Find a sparring partner. Whether it’s your spouse, best friend, or a trusted colleague, find someone to become your thinking partner. Authorize him or her to challenge your views by playing devil’s advocate—and return the favor. Many people process their thinking by speaking, so having a trusted sparring partner to debate—one who won’t judge you—can be a helpful way to expand your thinking.

In our role as financial advisors, we often act as thinking partner with our clients when they find themselves in a filter bubble.

Most recently, during the depths of the COVID-19-related market sell-off in March, we found ourselves helping clients manage fight-or-flight responses induced by their fears of lost money and stoked by an inflammatory news media. The fire was further fueled by the virus’s then-unknown impact on lives and our healthcare system. 

In most cases, our counsel and long-term perspective on the markets and investing helped expand clients’ thinking enough to stifle their knee-jerk reactions.
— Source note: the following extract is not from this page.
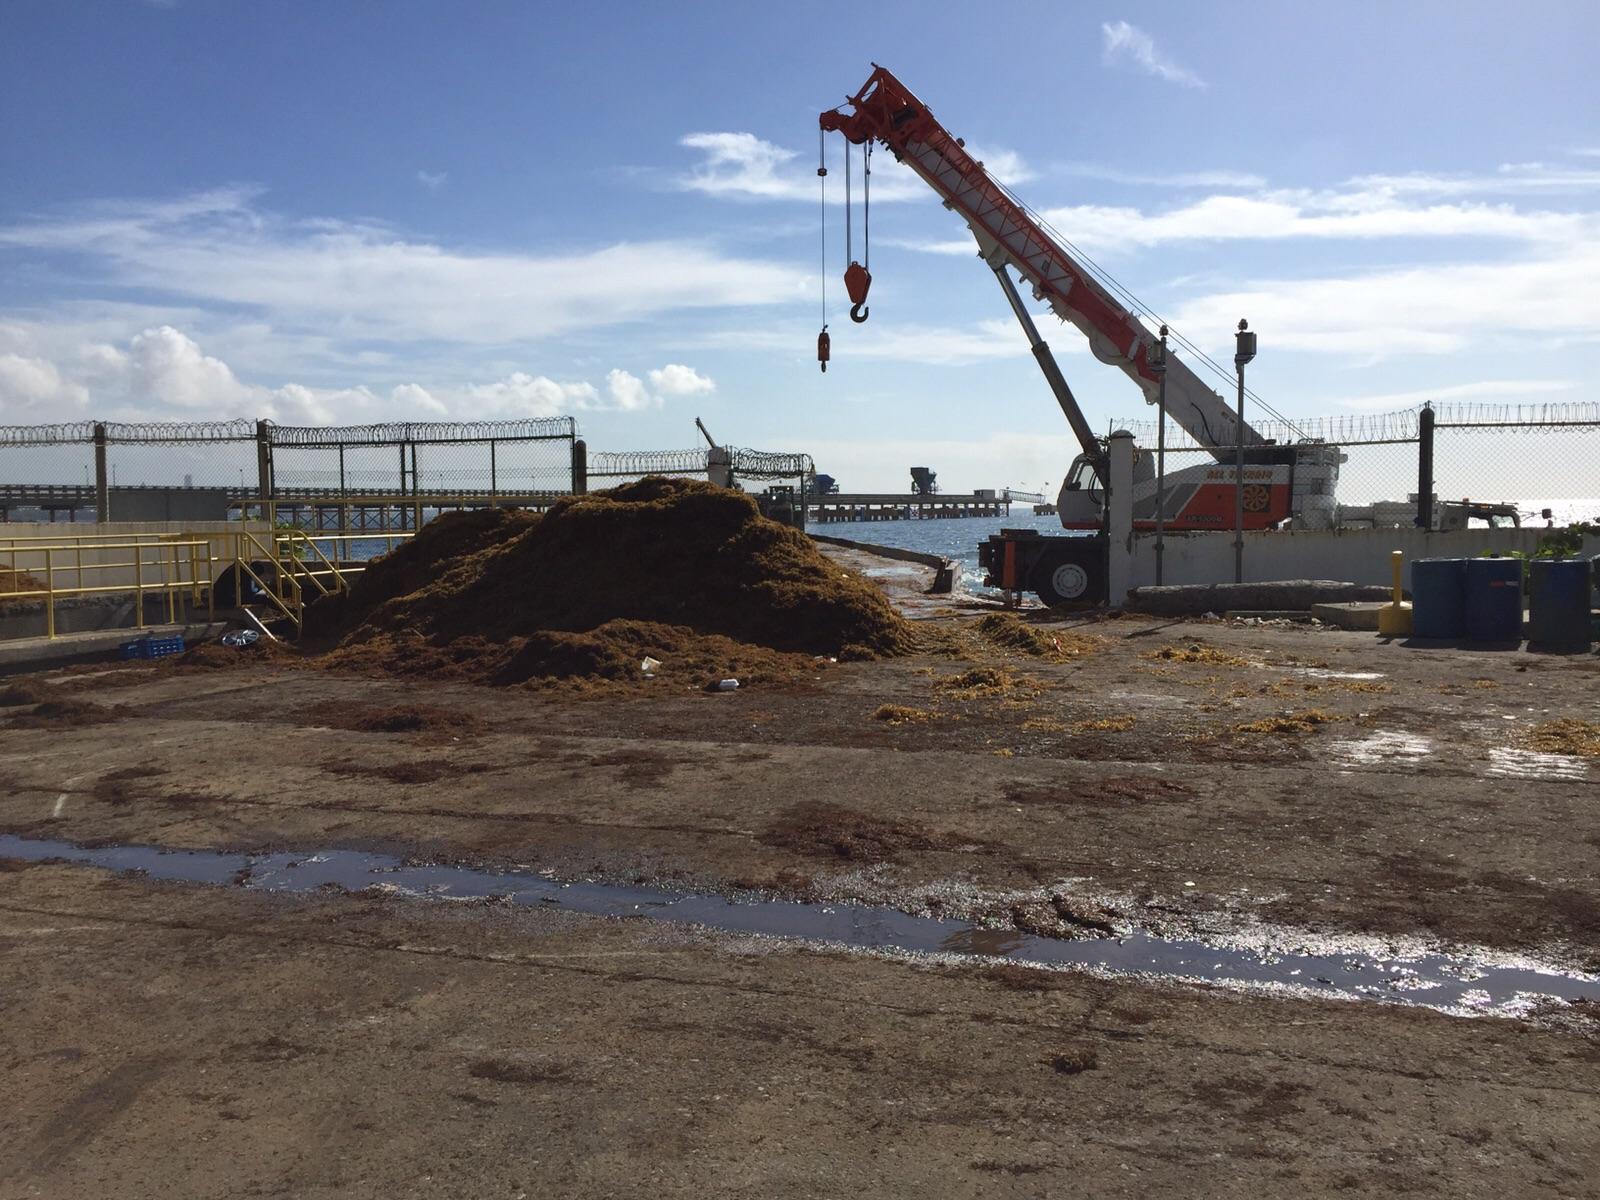 AES Dominicana revela está siendo afectadapor llegada masiva de algas
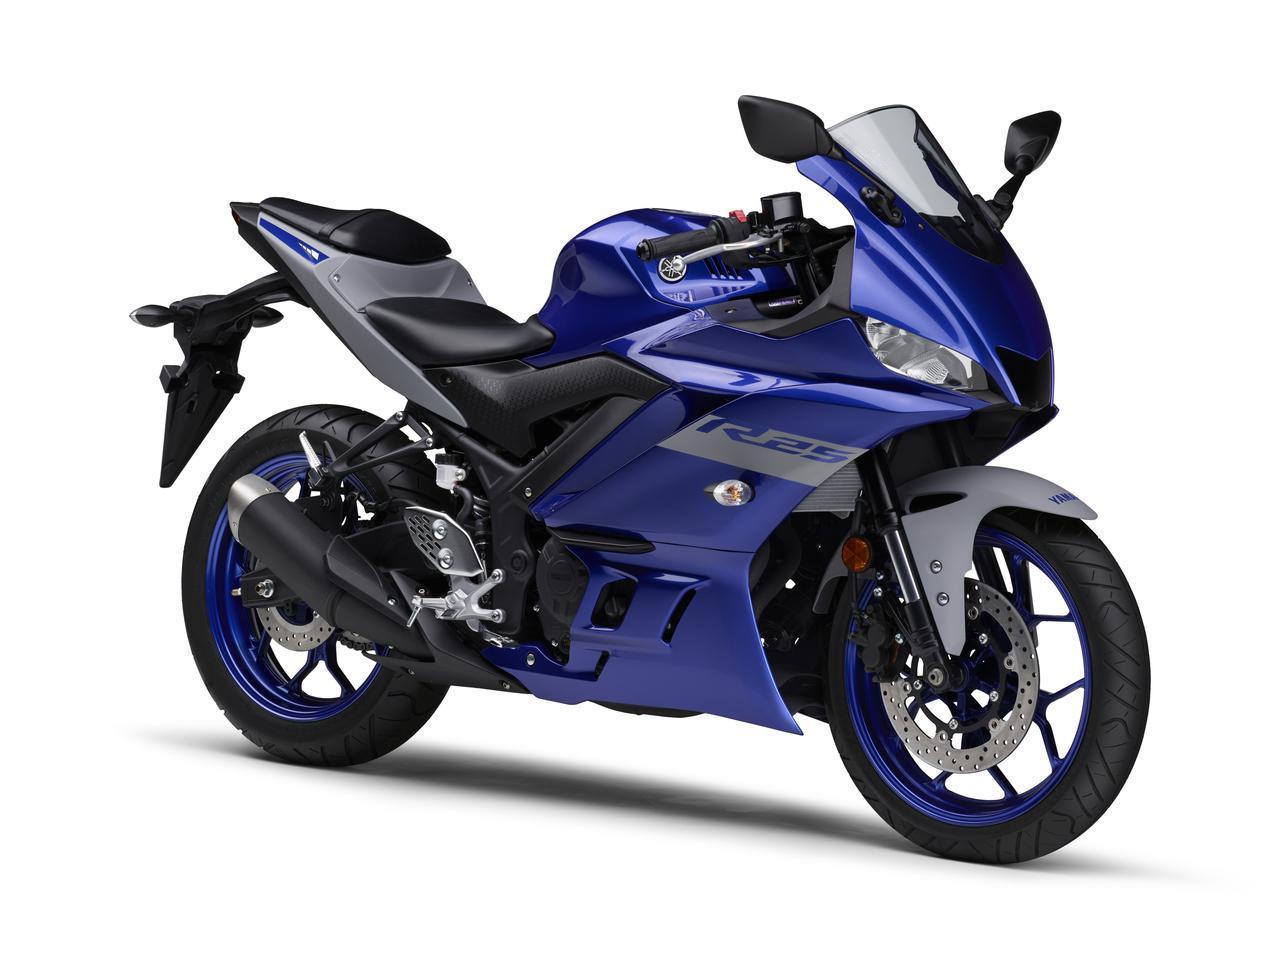 Images : 1番目の画像 - ヤマハ YZF-R25の写真をまとめて見る! - LAWRENCE - Motorcycle x Cars + α = Your Life.

And time has brought new information—on the virus, economy, and markets—to the discussion that has tempered reactions.

Whether you are hoping to become a better investor, a better businessperson, or just a better thinker, overcoming behavioral biases is a challenge—but one worth accepting. If philosophers, astronomers, and scientists had been closed to new information, we would still believe the world is flat and that the sun revolves around the Earth. 

Thinking for yourself doesn’t require you to follow every new idea that comes along. It simply means being humble enough to realize that no matter how much you know, a fair amount of what you know for sure just ain’t so.